Dame Louisa had no idea that they would go to the White Woods. She had said it quite at random, although she was so vexed in being disturbed in her nap that she wished for a moment that they would. She stood in her front door and looked at her dead Christmas-trees, and that always made her feel crosser, and she had not at any time a pleasant disposition. Indeed, it was rumored among the towns-people that that had blasted her Christmas-trees, that Dame Louisa's scolding, fretting voice had floated out to them, and smote their delicate twigs like a bitter frost and made them turn yellow; for the real Christmas-tree is not very hardy.

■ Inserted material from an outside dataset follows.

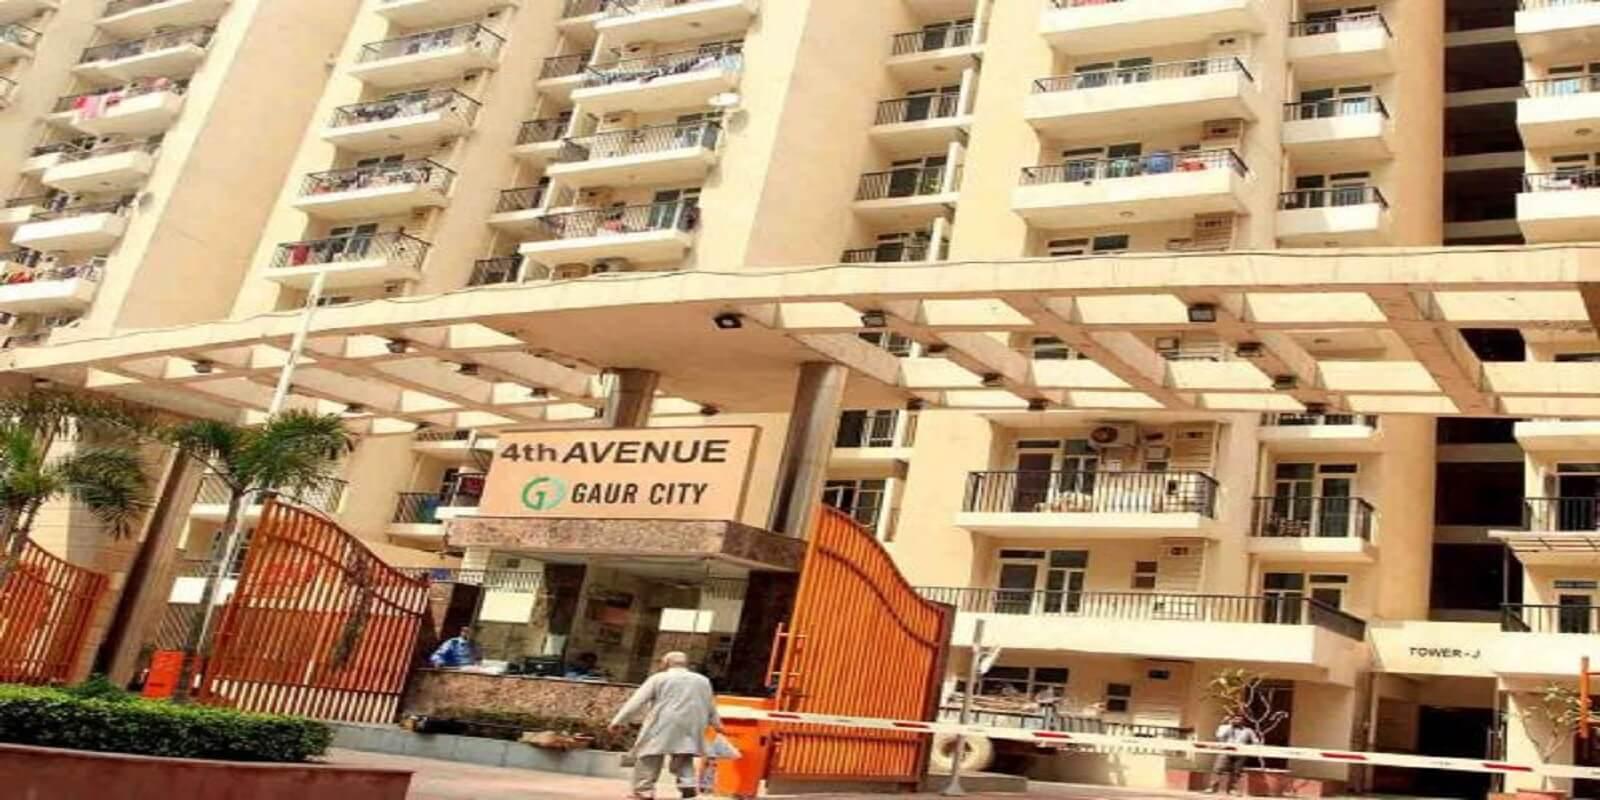 gaur city 4th avenue project large image1

No one else in the village, probably no one else in the county, owned any such tree, alive or dead. Dame Louisa's husband, who had been a sea-captain, had brought them from foreign parts. They were mere little twigs when they planted them on the first day of January, but they were full-grown and loaded with fruit by the next Christmas-day. Every Christmas they were cut down and sold, but they always grew again to their full height, in a year's time. They were not, it is true, the regulation Christmas-tree. That is they were not loaded with different and suitable gifts for every one in a family, as they stood there in Dame Louisa's yard. People always tied on those, after they had bought them, and had set them up in their own parlors. But these trees bore regular fruit like apple, or peach, or plum-trees, only there was a considerable variety in it. These trees when in full fruitage were festooned with strings of pop-corn, and weighed down with apples and oranges and figs and bags of candy, and it was really an amazing sight to see them out there in Dame Louisa's front yard. But now they were all yellow and dead, and not so much as one pop-corn whitened the upper branches, neither was there one candle shining out in the night. For the trees in their prime had borne also little twinkling lights like wax candles.

Dame Louisa looked out at her dead Christmas-trees, and scowled. She could see the children out in the road, and they were trudging along in the direction of the White Woods. "Let 'em go," she snapped to herself. "I guess they won't go far. I'll be rid of their noise, any way."

She could hear poor Dame Penny's distressed voice out in her yard, calling "Biddy, Biddy, Biddy;" and she scowled more fiercely than ever. "I'm glad she's lost her old silver hen," she muttered to herself. She had always suspected the silver hen of pecking at the roots of the Christmas-trees and so causing them to blast; then, too, the silver hen had used to stand on the fence and crow; for, unlike other hens, she could crow very beautifully, and that had disturbed her.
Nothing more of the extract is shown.